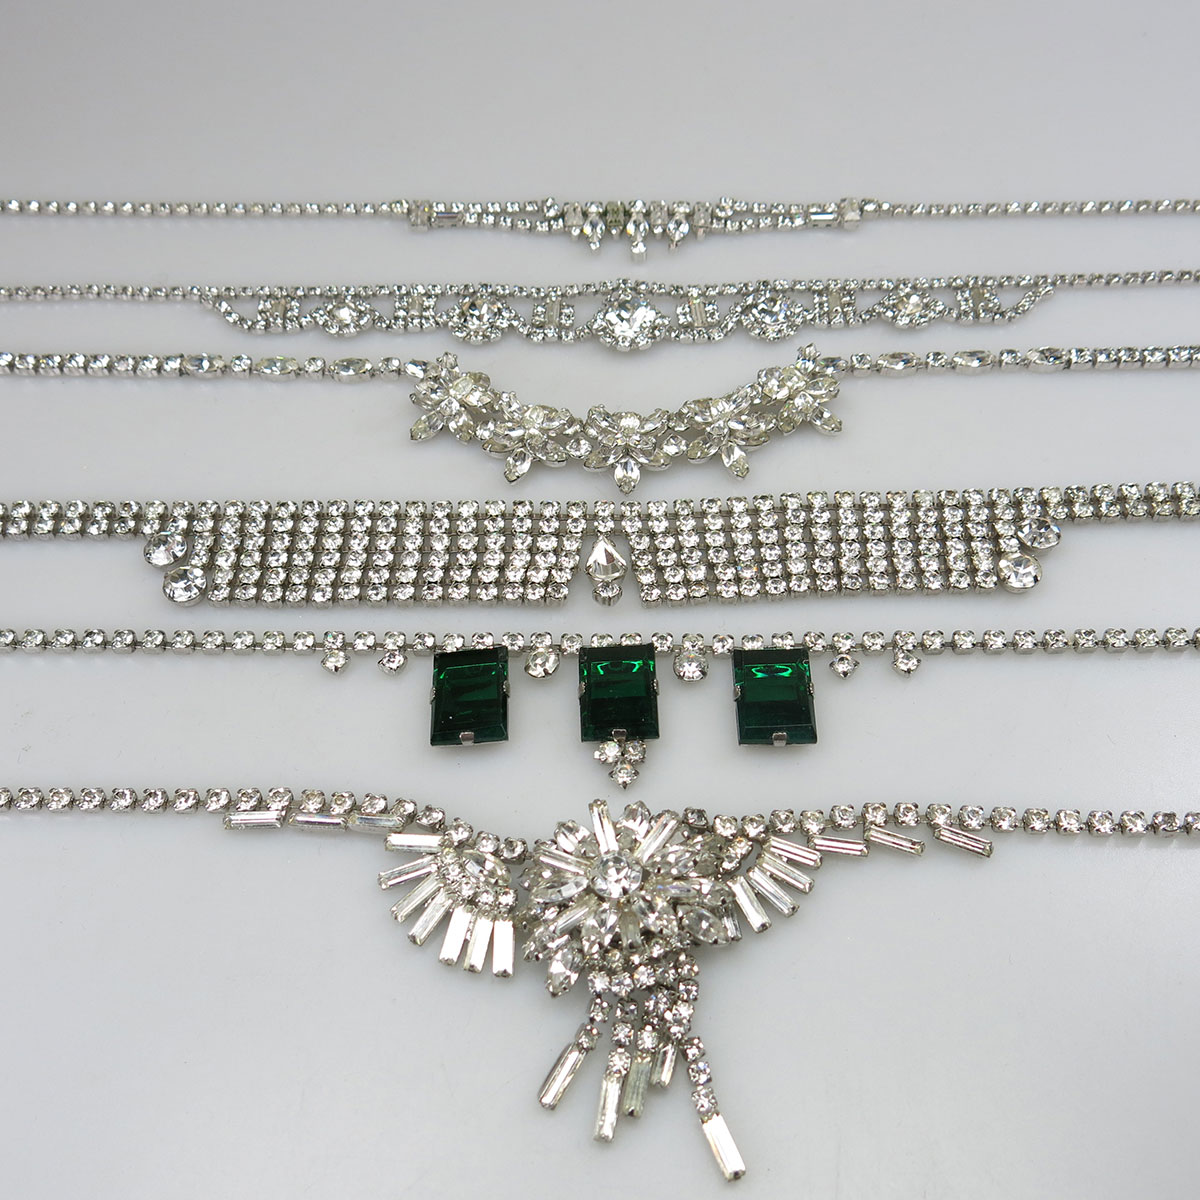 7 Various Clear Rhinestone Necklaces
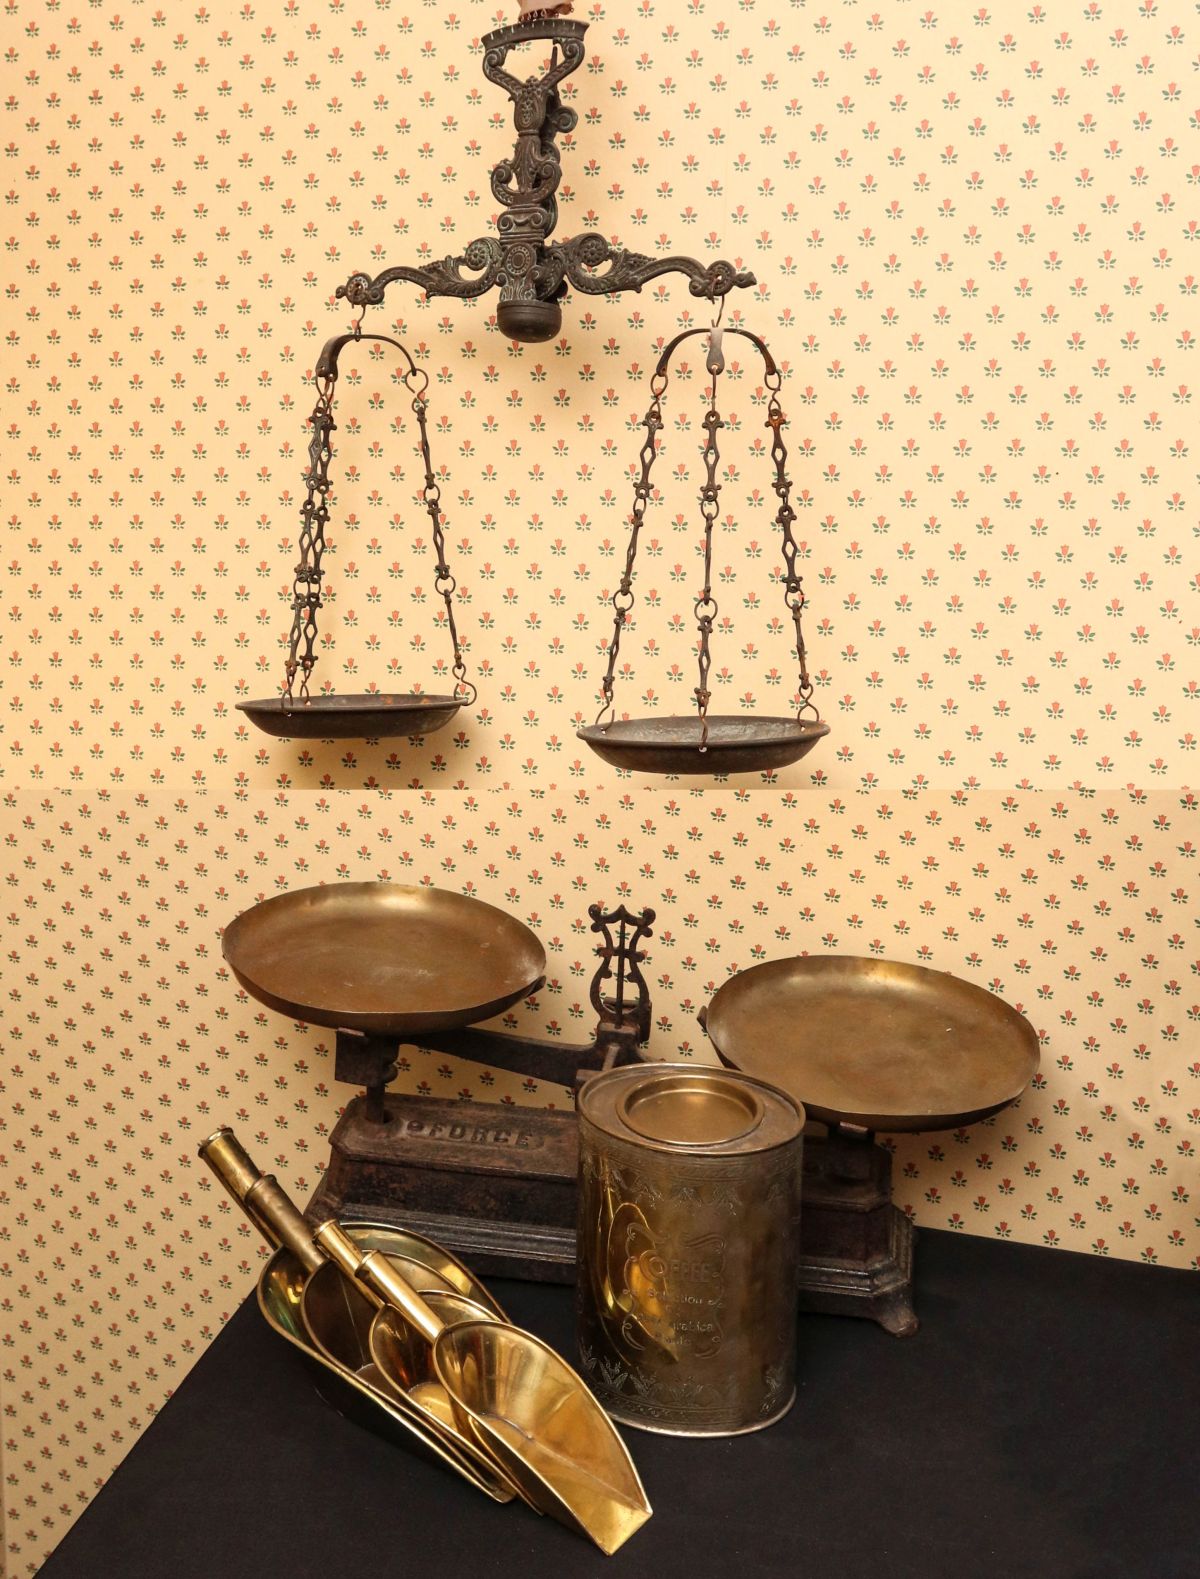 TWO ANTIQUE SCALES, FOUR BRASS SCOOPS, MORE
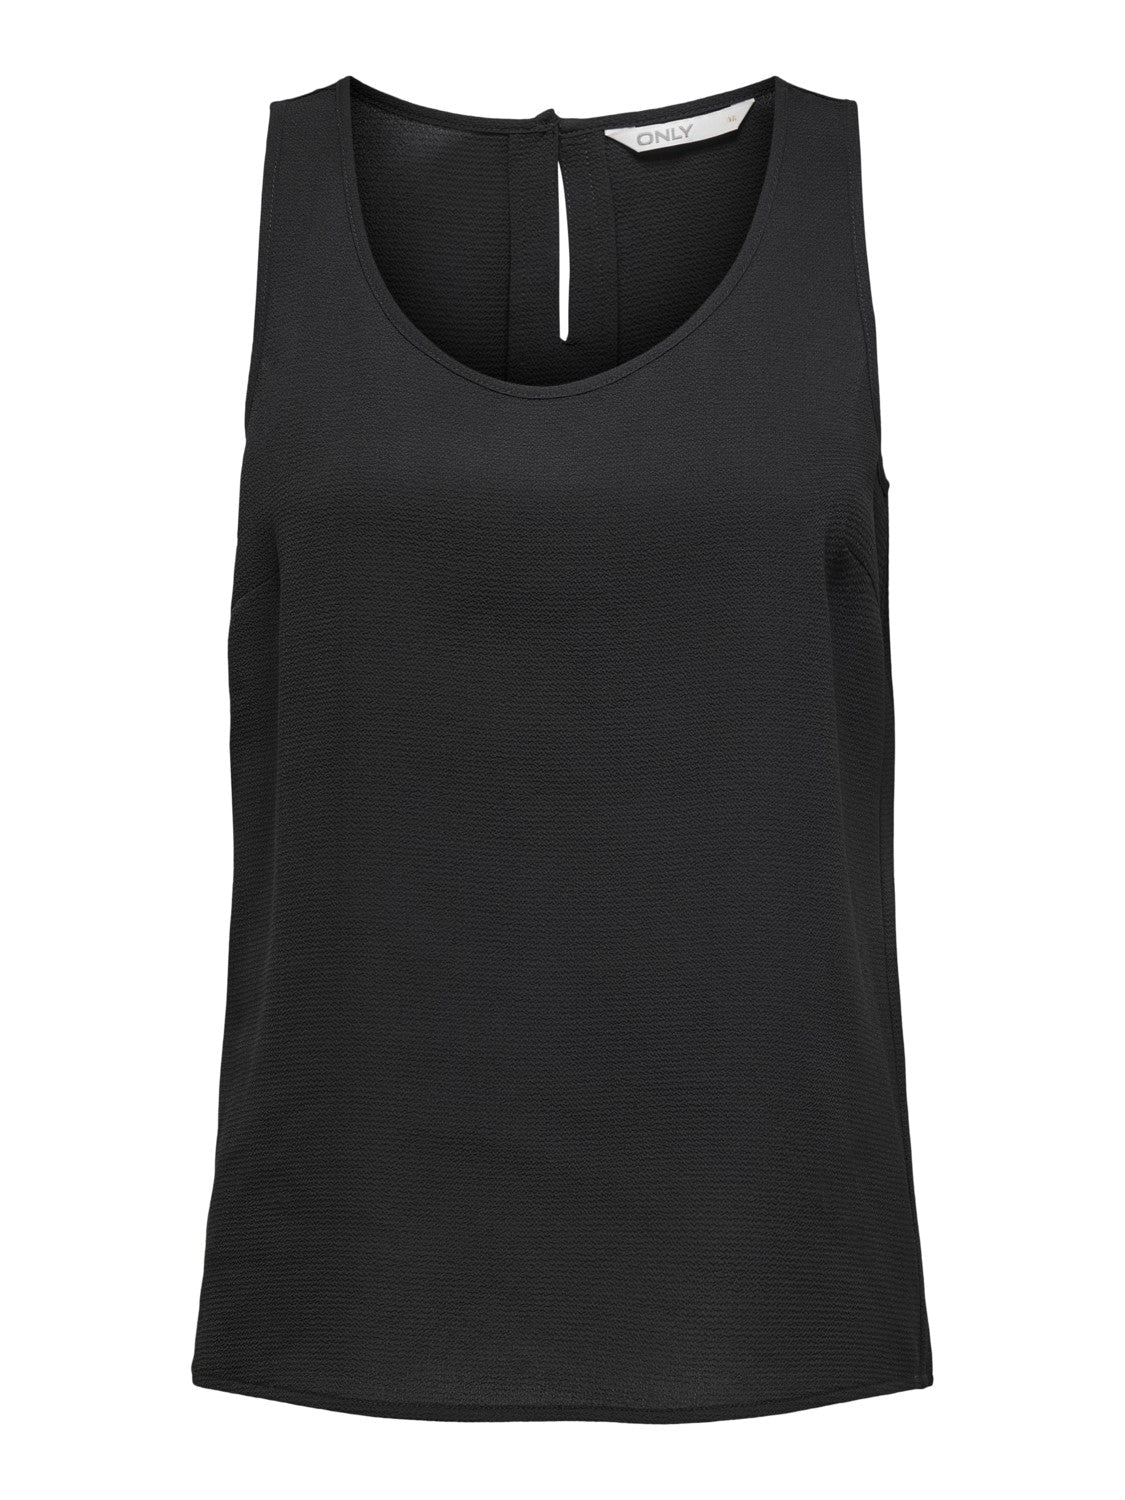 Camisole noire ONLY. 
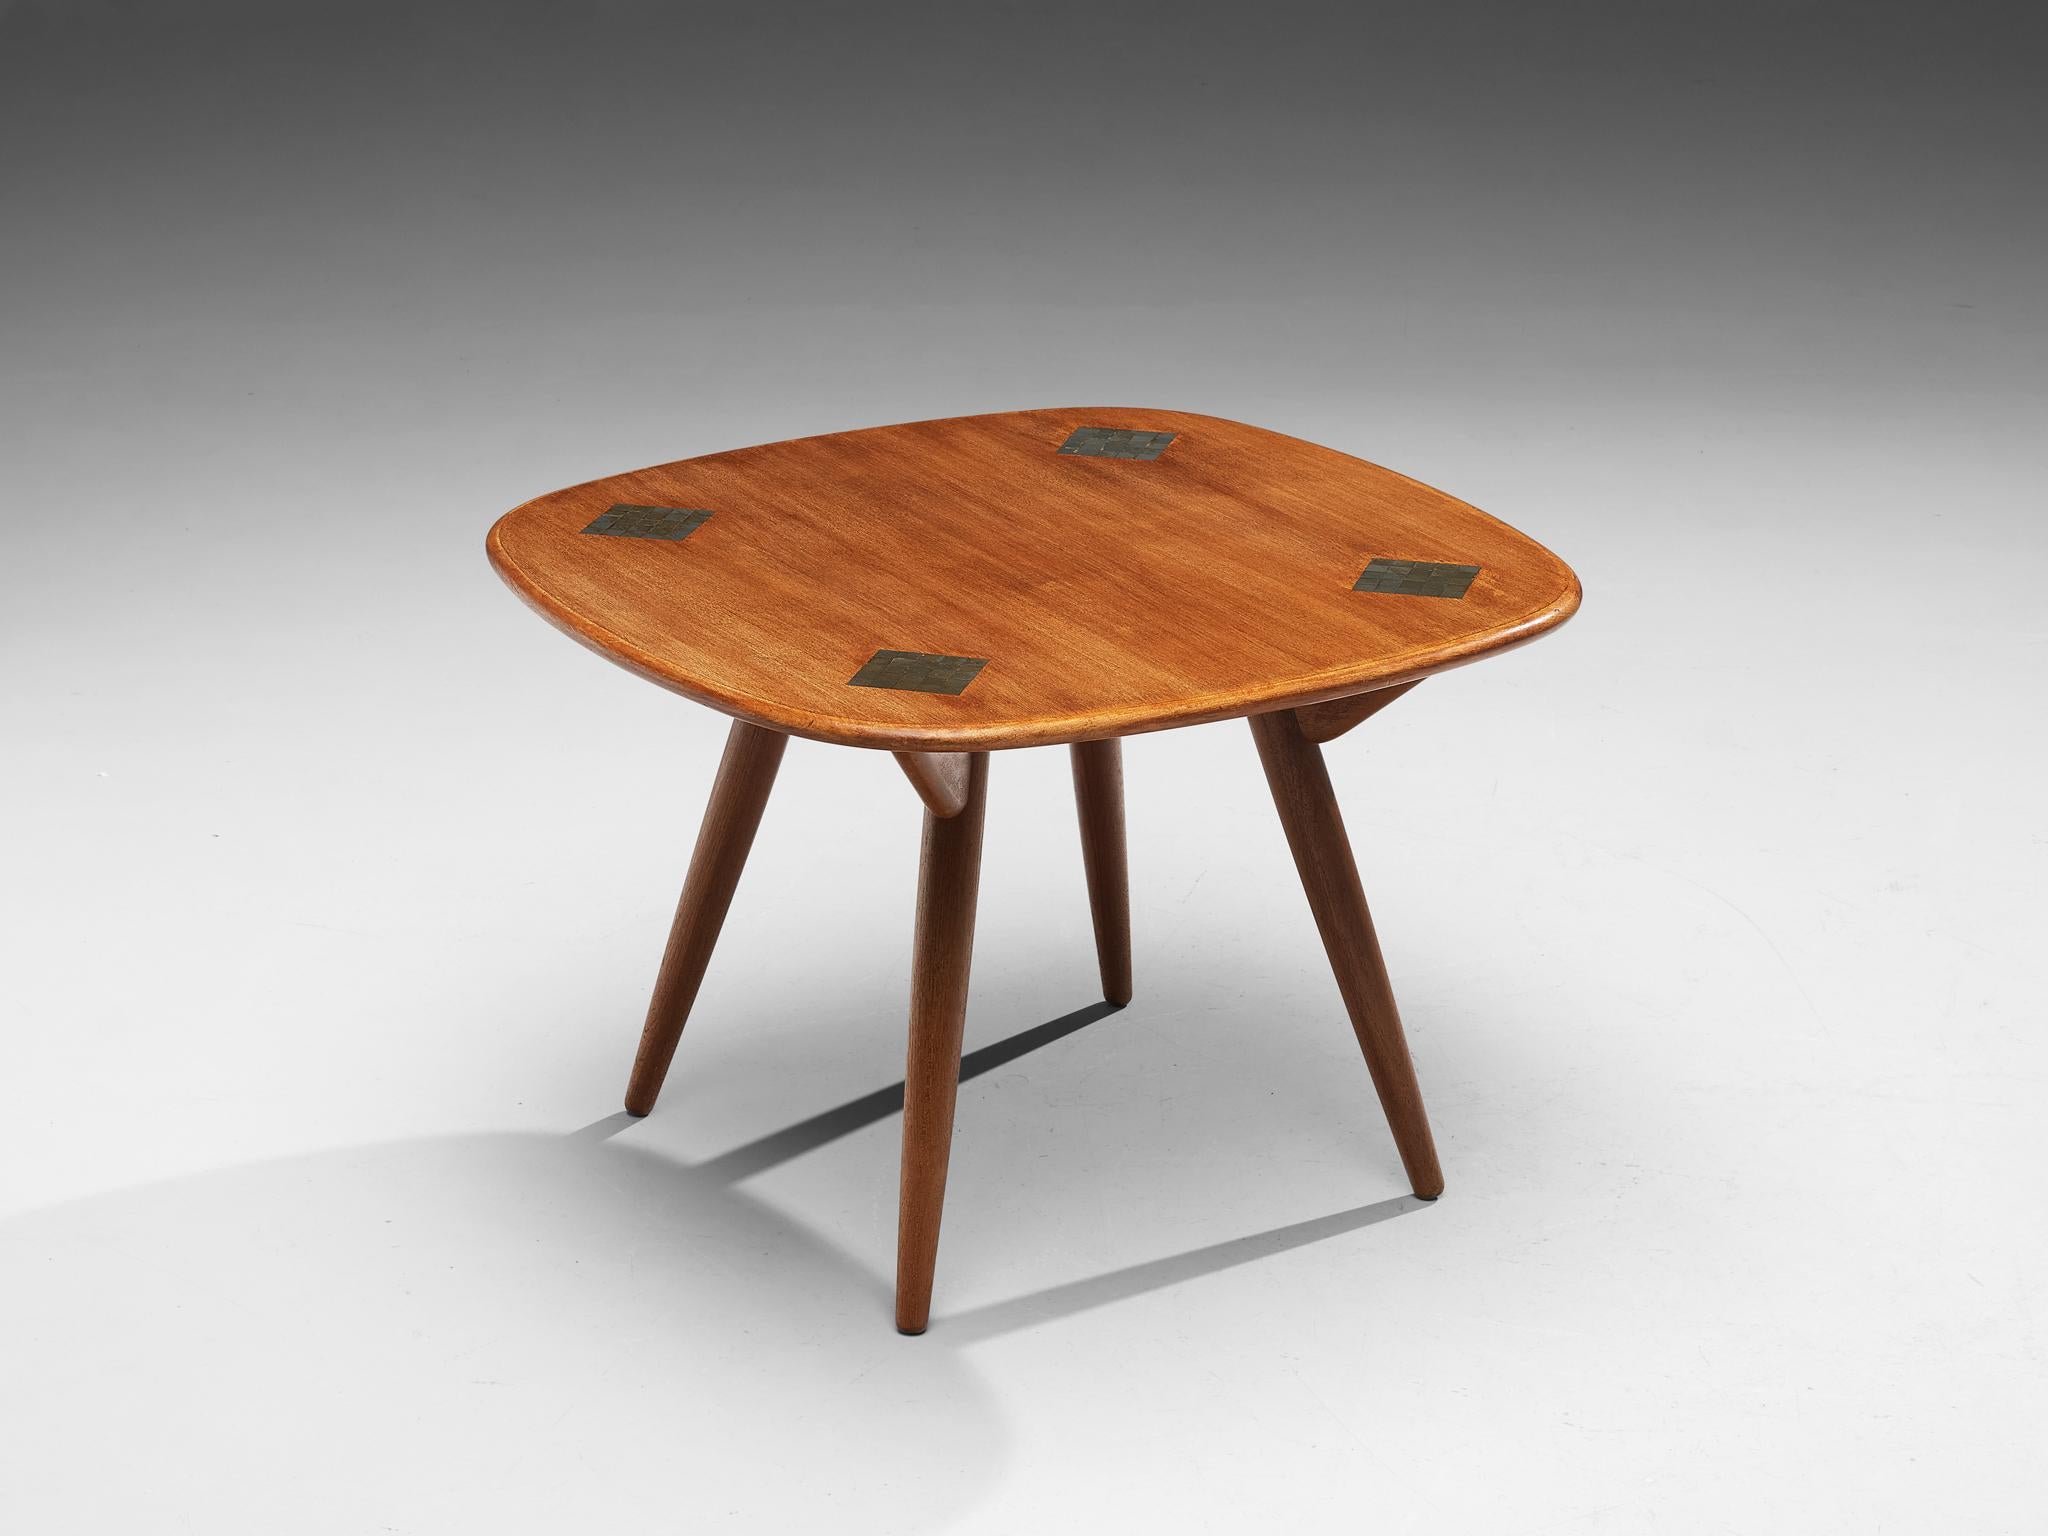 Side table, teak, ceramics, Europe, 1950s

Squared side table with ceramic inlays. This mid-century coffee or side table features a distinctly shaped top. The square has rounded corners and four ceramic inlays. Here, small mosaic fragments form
++++++++++++++++++++
Exercise » Restate all of the material above word for word. Pictures do not belong in it.

Response area »
 7 Various Clear Rhinestone Necklaces
 TWO ANTIQUE SCALES, FOUR BRASS SCOOPS, MORE
 Camisole noire ONLY. 
 Side table, teak, ceramics, Europe, 1950s

Squared side table with ceramic inlays. This mid-century coffee or side table features a distinctly shaped top. The square has rounded corners and four ceramic inlays. Here, small mosaic fragments form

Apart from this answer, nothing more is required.